Figure 7 shows the Jensen distribution for the selected features for all test sets. We found that the Jensen divergence is slightly greater for the fine-tuning approach (although the values are close to those of the base super-resolution model for most features). These results seem to indicate that even with the artifacts being generated, the images have the same overall distribution as that of the ground truth. Meanwhile, Table 4 shows the percentages of values for which the Kolmogorov test revealed that the morphological ground truth distributions of the pores were equal to those obtained for the super-resolution samples. These results support the previous results in showing that the pore distributions seem to remain close to the real ones.

Figure 7

Jensen divergences for all pore morphological features (volume (a), surface area (b), shape (c), elongation (d) and flatness (e)) for all test sets.

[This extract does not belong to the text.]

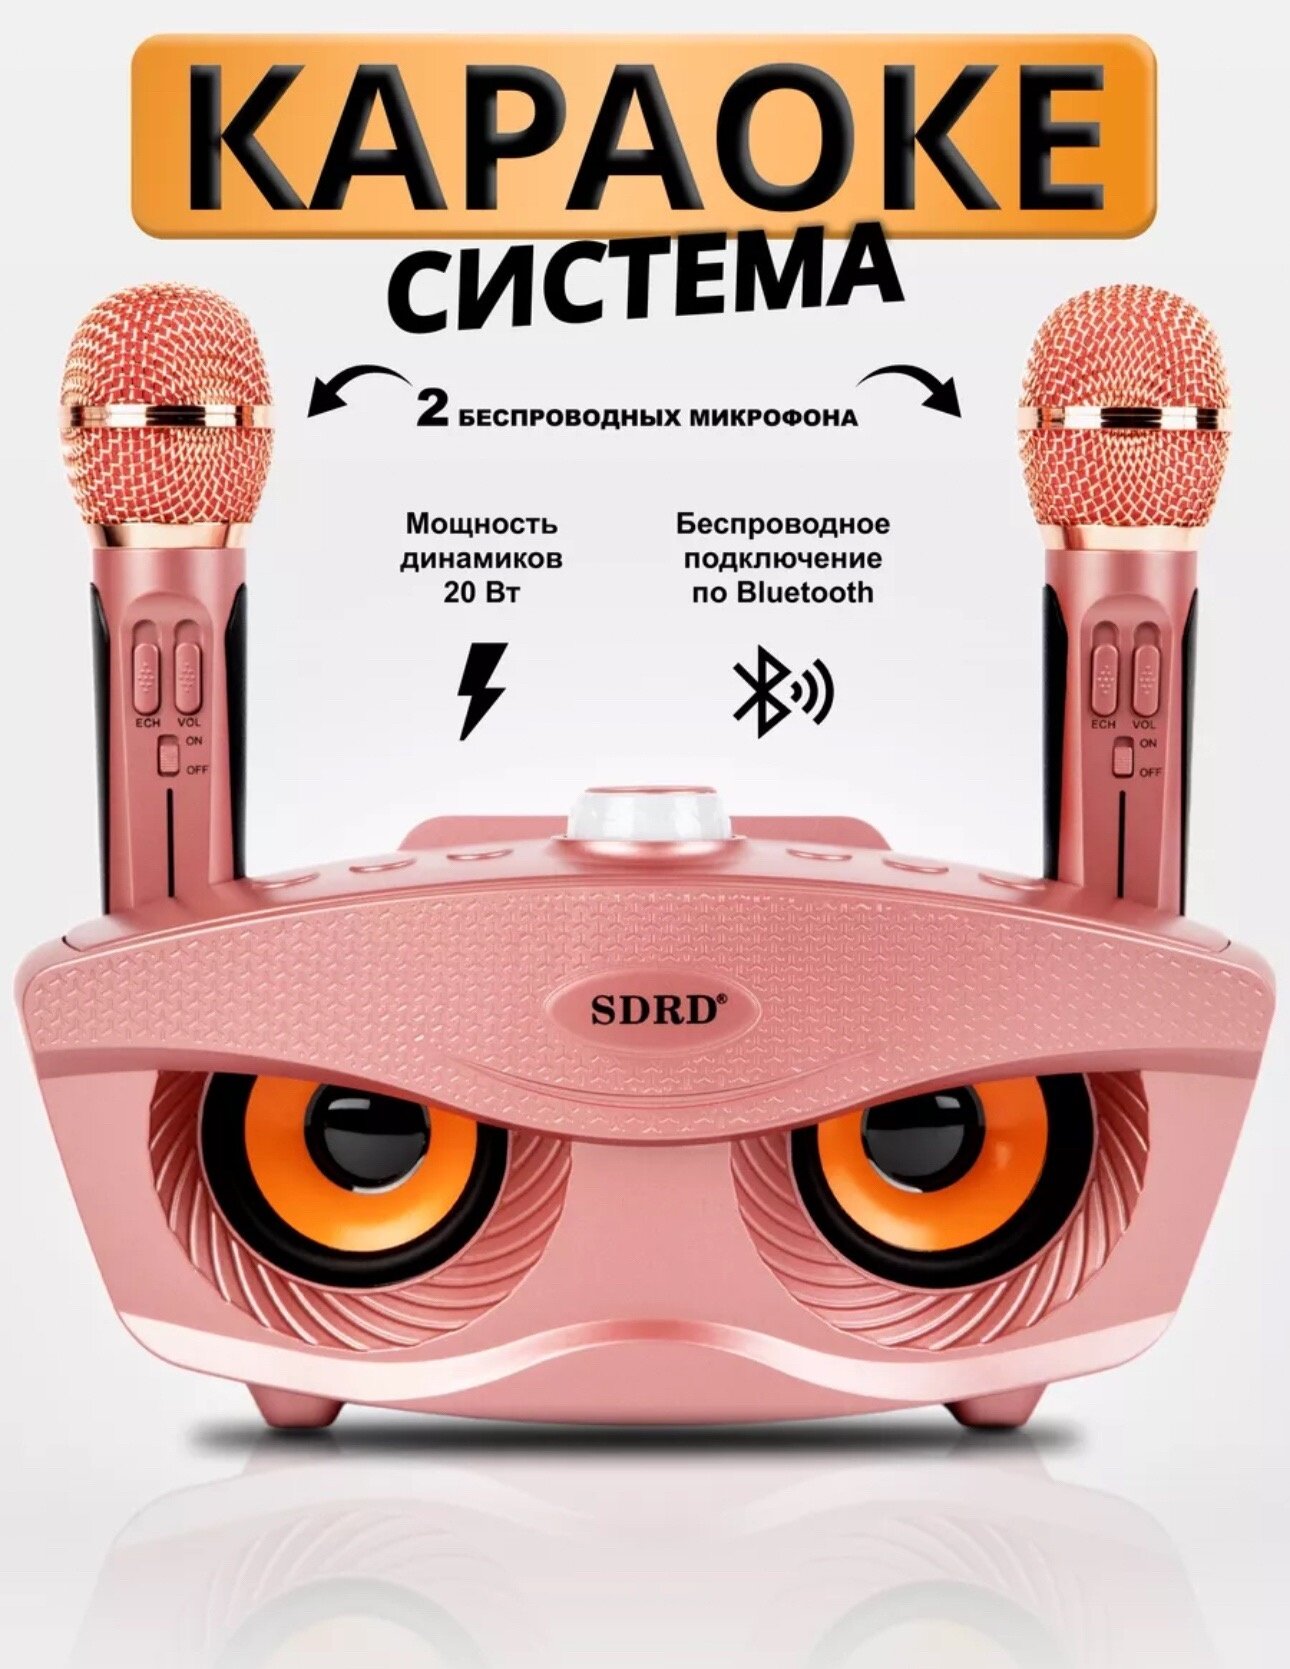 Караоке-система SDRD с двумя микрофонами для дома, розовая
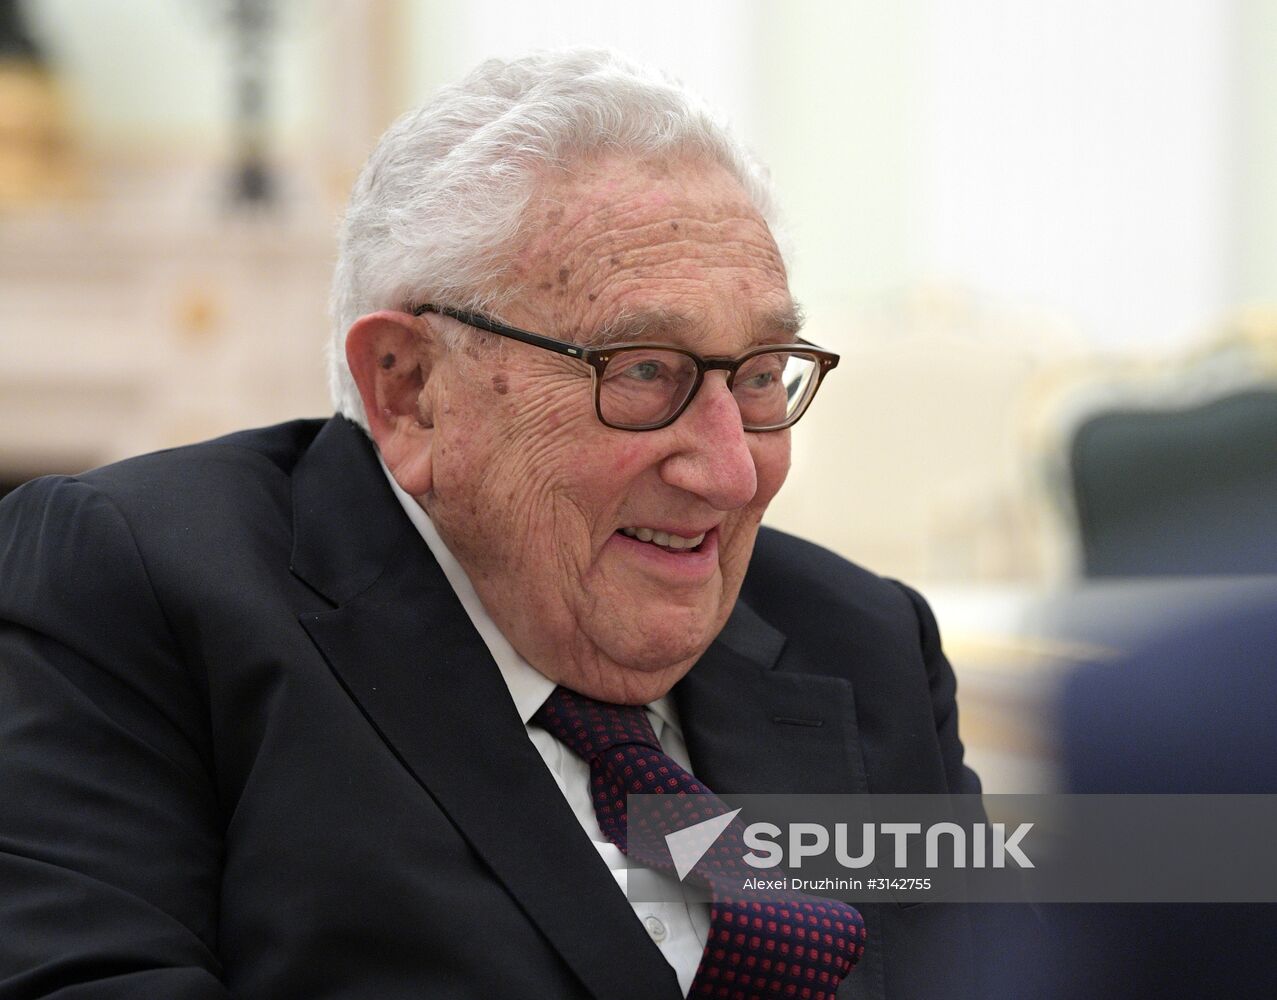 President Vladimir Putin meets with former US Secretary of State Henry Kissinger

Table 4 Percentage of the samples (average and standard deviation across folds) that the Kolmogorov–Smirnov test was not able to reject the null hypothesis for each morphological feature considered.

Comparison with other techniques

When comparing our methodologies with other techniques, we examined three distinct approaches: our baseline prediction model, the combed super-resolution and prediction model, and our fine-tuned model. Notably, the super-resolution step is tailored specifically to our problem domain, rendering direct comparisons with other methods—those without a super-resolution process—less straightforward. Additionally, the use of varied datasets across these studies necessitates a nuanced interpretation of the comparisons. These tests should be considered indicative benchmarks rather than definitive evaluations. Table 5 presents the \(R^2 \) values for various studies employing 3D CNNs for permeability prediction, adapted from²⁴.

Table 5 Models for permeability prediction the literature.

In particular, the study by²⁷ is worth noting, as it explores multiple strategies on the DeePore dataset, including 3D CNNs, physics-informed CNNs, and transformer-based CNNs. The comparison presented focuses on their transformer-based model. Our baseline models demonstrate competitive \(R^2 \) values against those in the literature, while our optimized method attains the highest \(R^2 \) using a less complex network (CNN versus transformer-based). It is important to highlight that despite Meng et al.’s²⁷ use of the DeePore dataset, our method incorporates a larger data volume, which adds a layer of complexity to the comparison.

Conclusions

Correctly estimating petrophysical properties is important not only for reservoir characterization aiming to exploit oil fields but also for identifying green solutions such as carbon sequestration. Many numerical simulations for the estimation of petrophysical properties require high-resolution images, which are not always available. In this paper, we address two different problems, super-resolution and permeability estimation, and combine the solutions using a fine-tuning correction scheme to obtain precise permeability estimates. Our solution improves upon the baseline solution at a low cost.

In future work, we can better characterize the artifacts that are being introduced by our solution. From our understanding, the artifacts being generated arise from the fact that our solution does not impose any physical constraints but rather only concerns the overall efficiencies. Adding physical constraints to the model, in the sense of a physics-informed neural network (PINN), could remove these artifacts while also improving the quality (and veracity) of the generated samples (both in the baseline super-resolution method and the fine-tuned version).

Other line of future work is to address the upscaling problem at the whole-core scale by employing techniques that naturally accommodate multiple scales, such as neural operators. Another possible direction is to tackle the field scale. In this case, the upscaling process would incorporate additional information, such as well logs and seismic data, in addition to data from whole-core and plug tomographic images. Our present work represents only a small part of this comprehensive process.